§ **WHAT YOU HAVE TO DO**: Reproduce all of the records word for word, omitting the pictures.

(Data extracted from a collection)

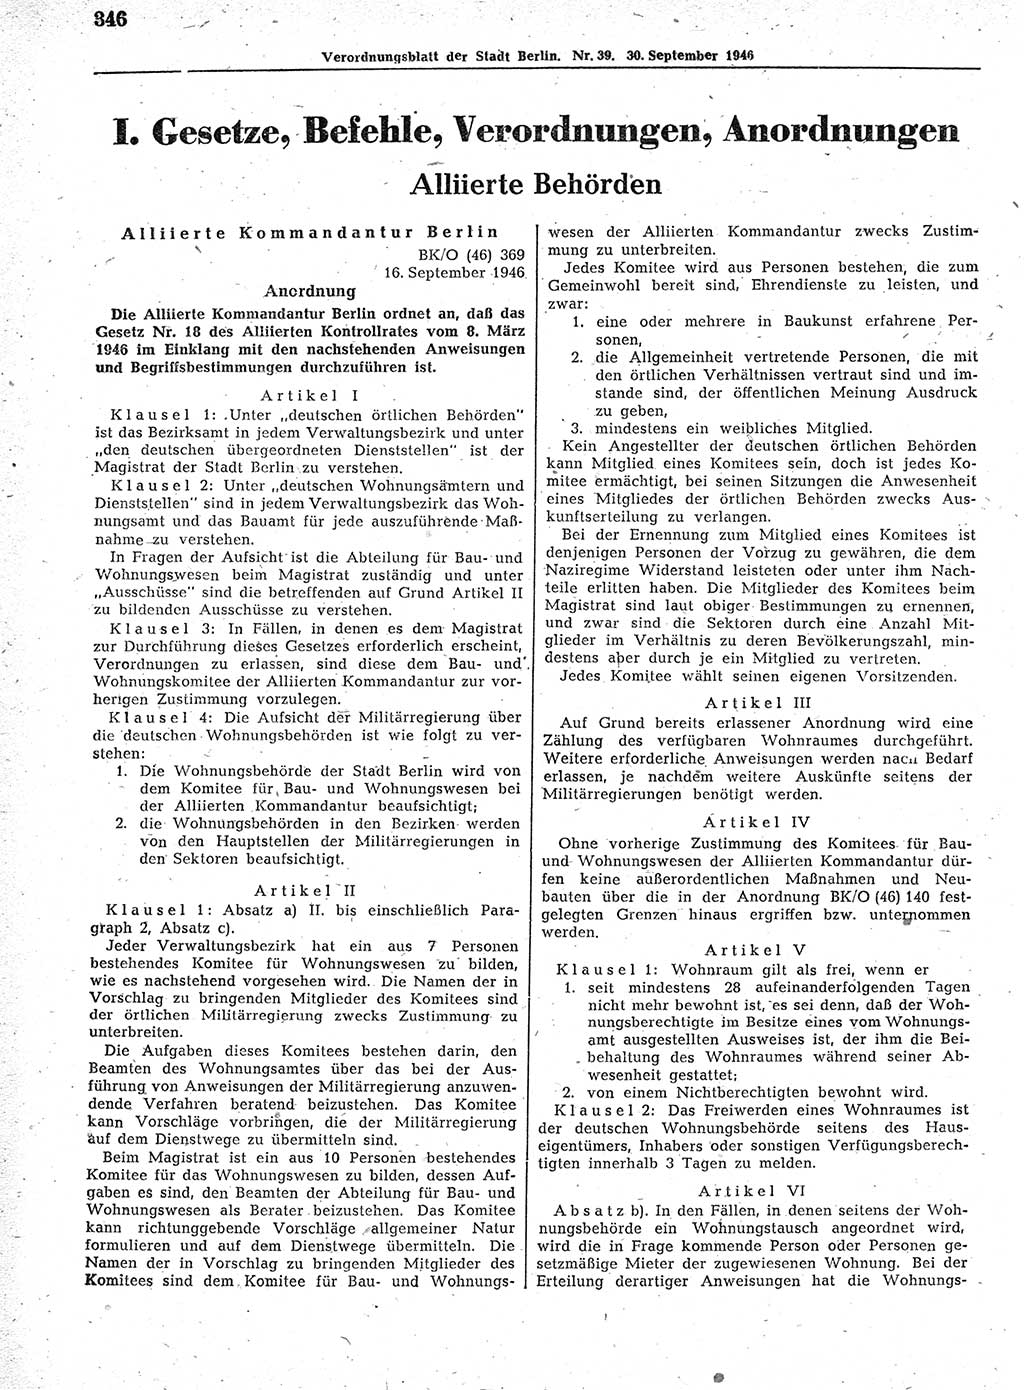 Verordnungsblatt (VOBl.) der Stadt Berlin, für Groß-Berlin 1946, Seite 346 (VOBl. Bln. 1946, S. 346)
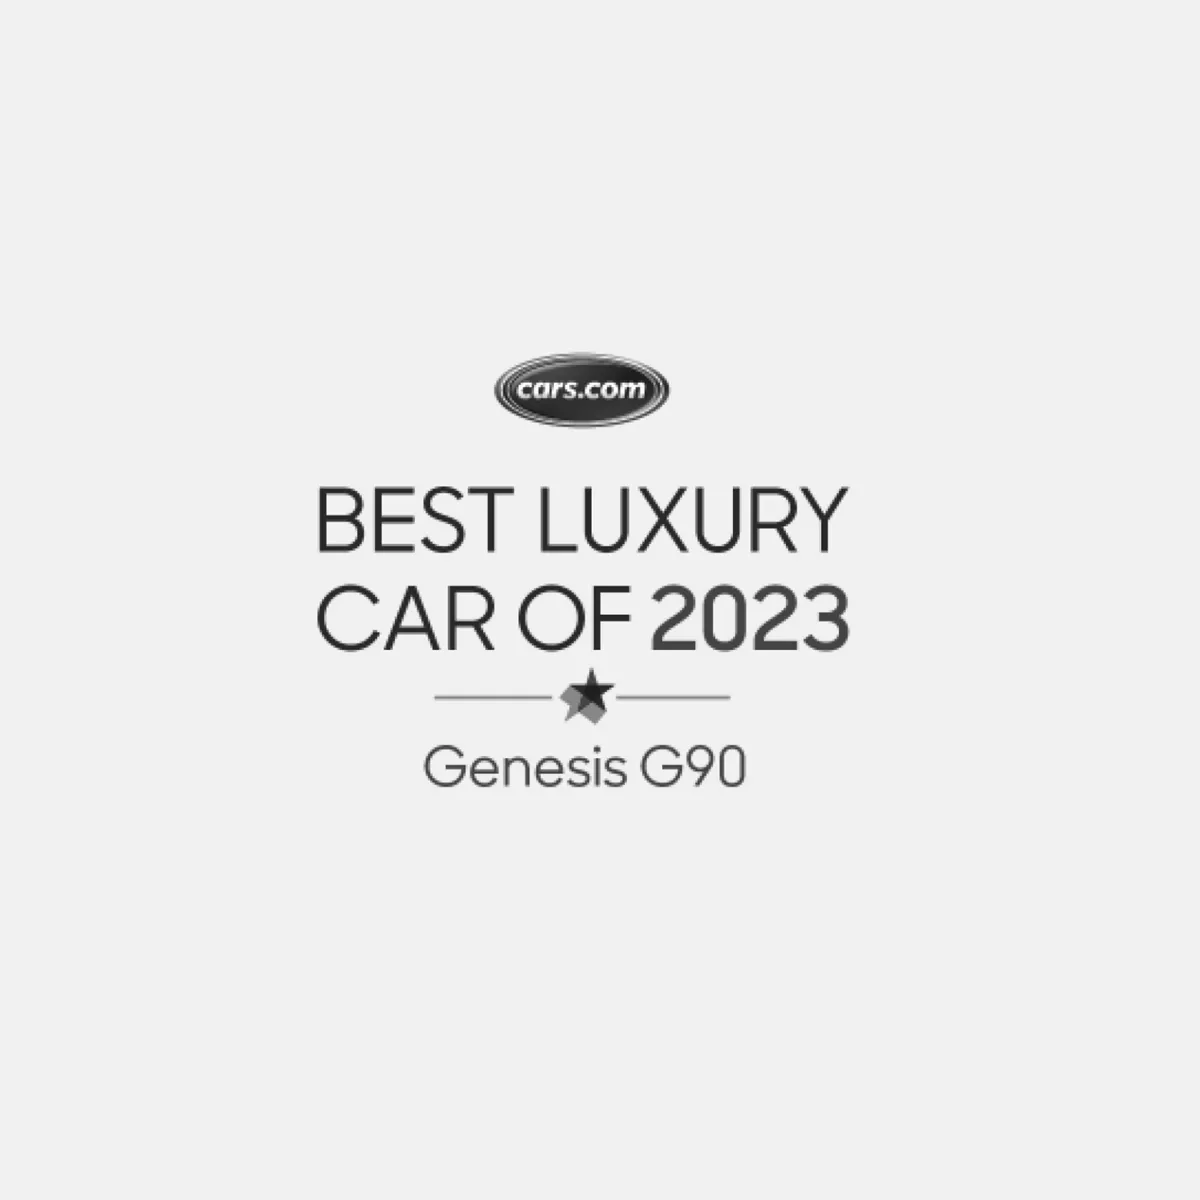 Cars.com best luxury car of 2023 Genesis G90.
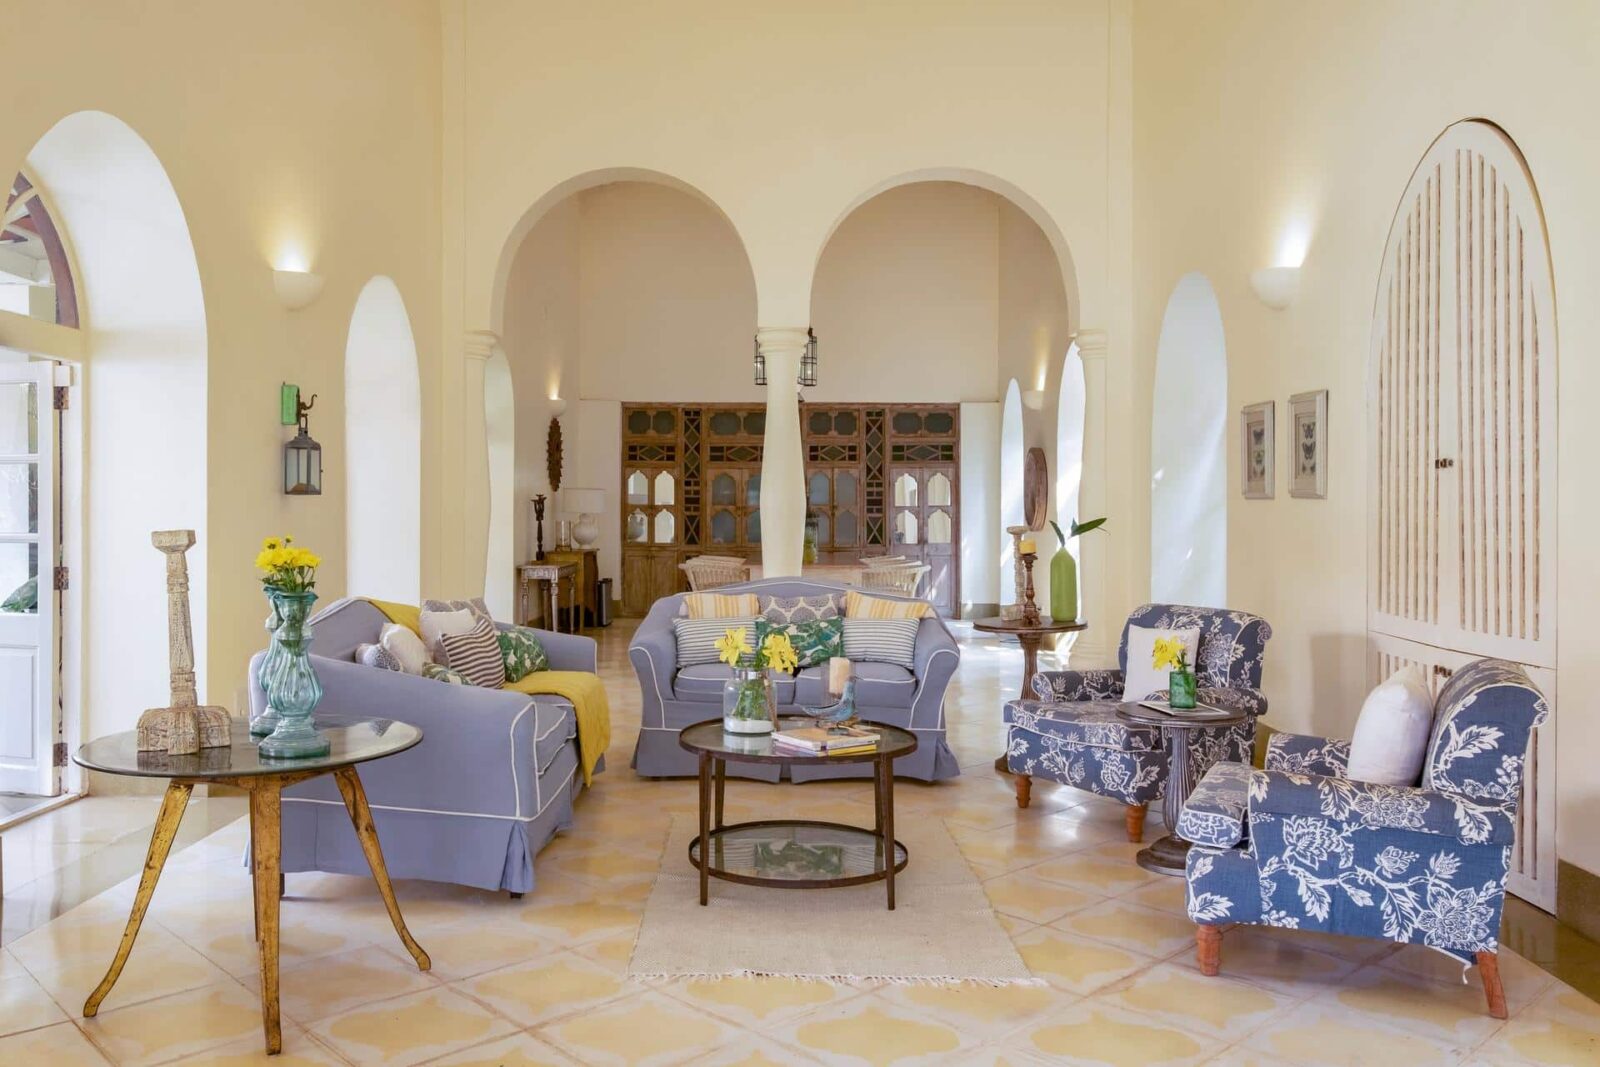 Villa Branco - Premium Villas for Sale in North Goa - Stunning Living Room
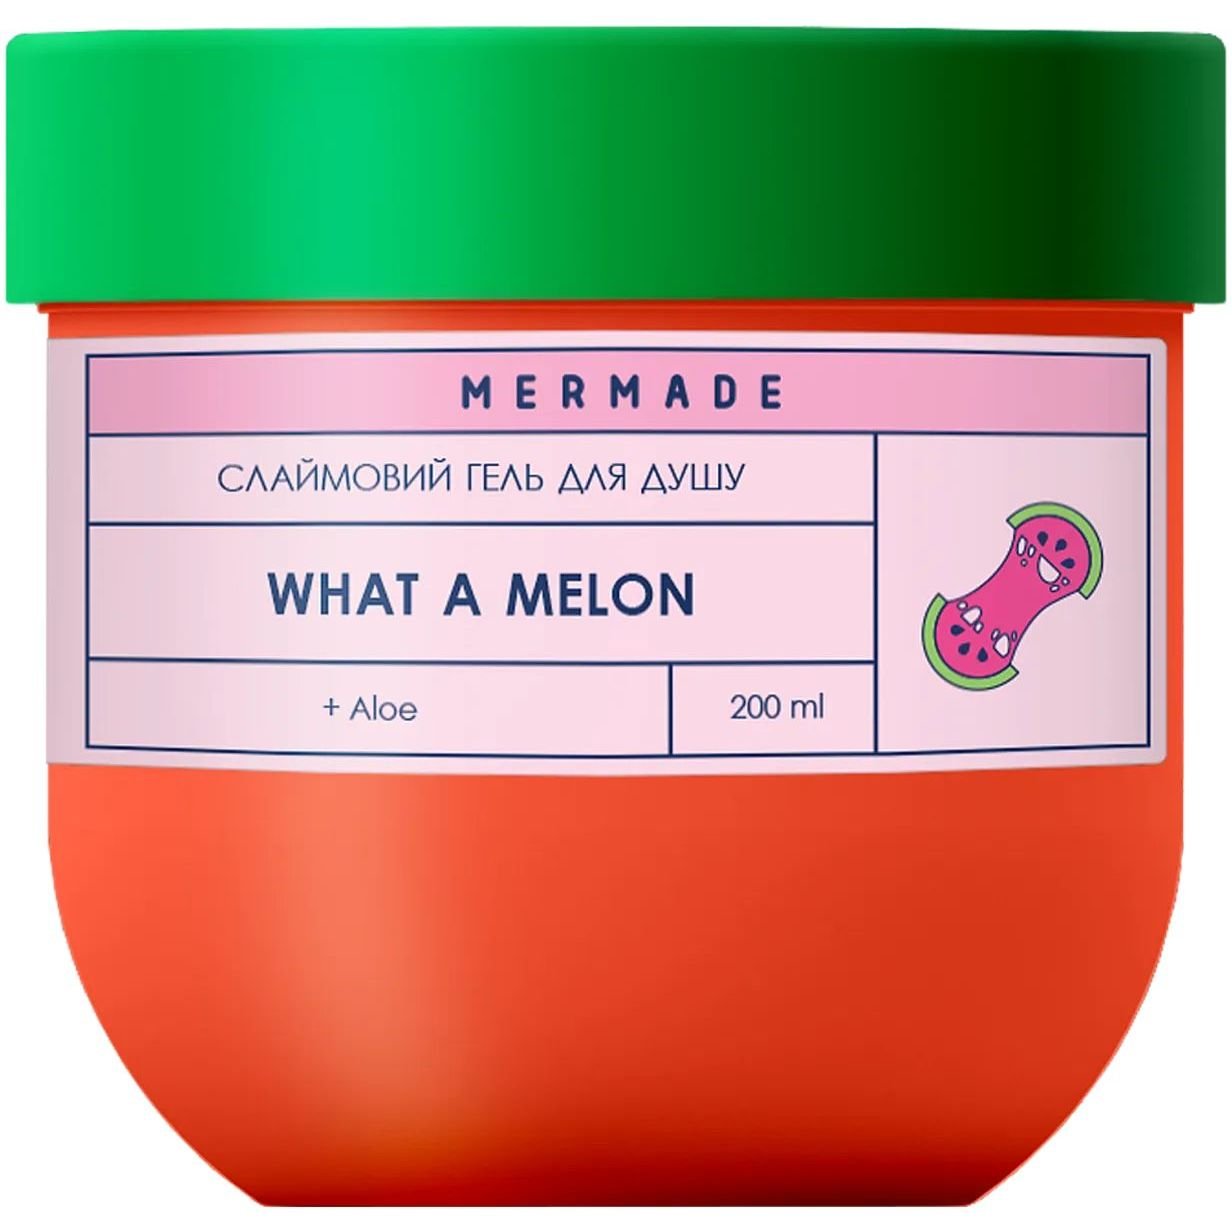 Слайм гель для душа Mermade What a Melon, 200 г - фото 1
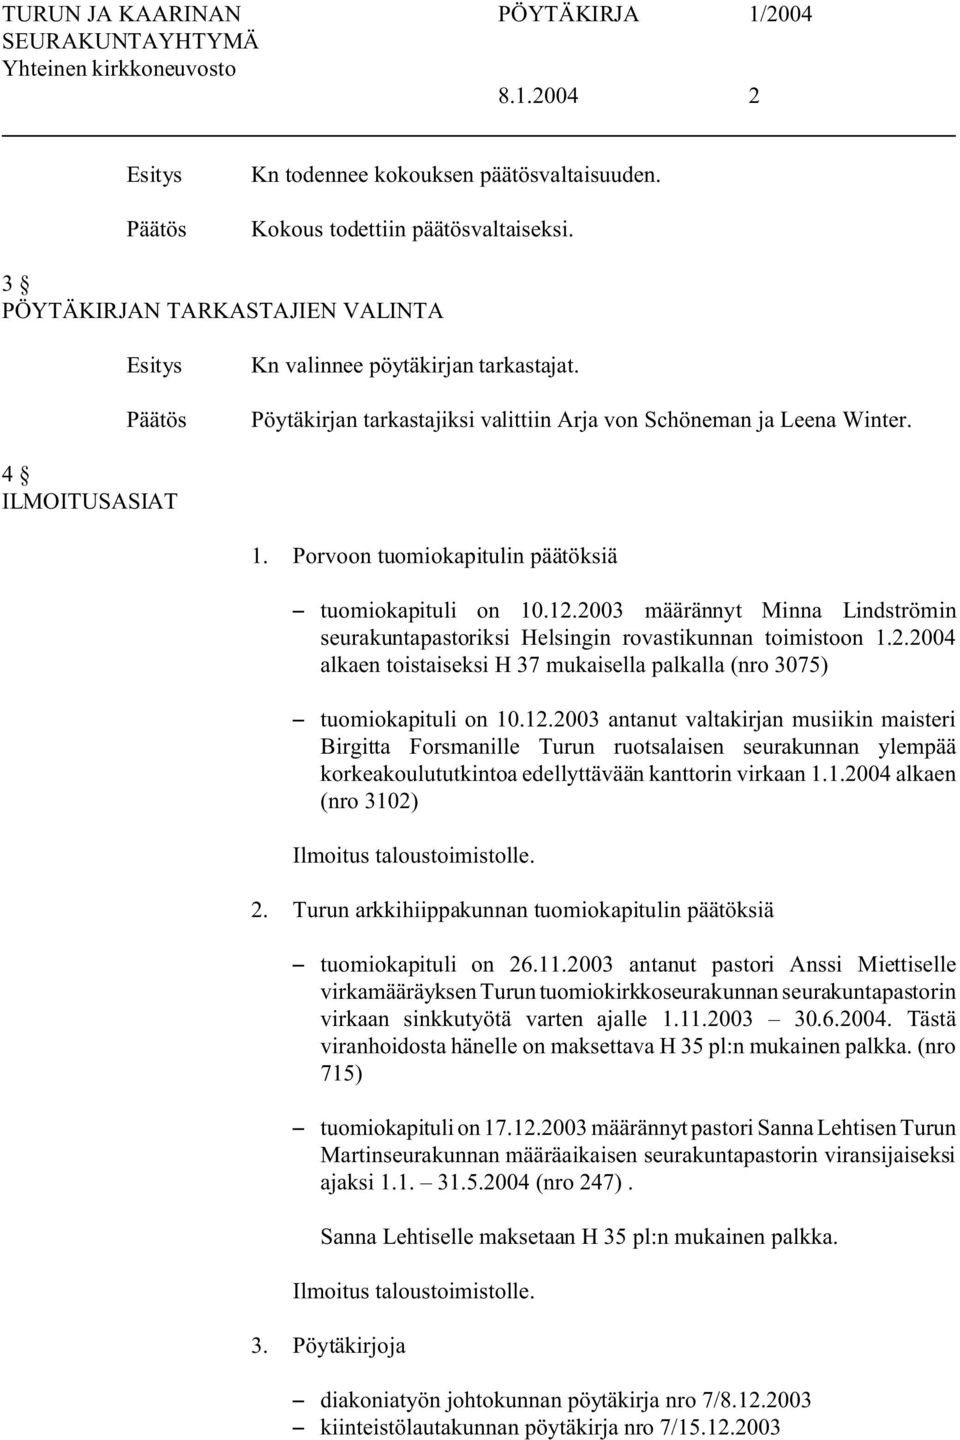 2003 määrännyt Minna Lindströmin seurakuntapastoriksi Helsingin rovastikunnan toimistoon 1.2.2004 alkaen toistaiseksi H 37 mukaisella palkalla (nro 3075) S tuomiokapituli on 10.12.

§ **RESPONSE BOX**:
 Verordnungsblatt (VOBl.) der Stadt Berlin, für Groß-Berlin 1946, Seite 346 (VOBl. Bln. 1946, S. 346)
 Cars.com best luxury car of 2023 Genesis G90.
 Villa Branco - Premium Villas for Sale in North Goa - Stunning Living Room
 Слайм гель для душа Mermade What a Melon, 200 г - фото 1
 2003 määrännyt Minna Lindströmin seurakuntapastoriksi Helsingin rovastikunnan toimistoon 1.2.2004 alkaen toistaiseksi H 37 mukaisella palkalla (nro 3075) S tuomiokapituli on 10.12.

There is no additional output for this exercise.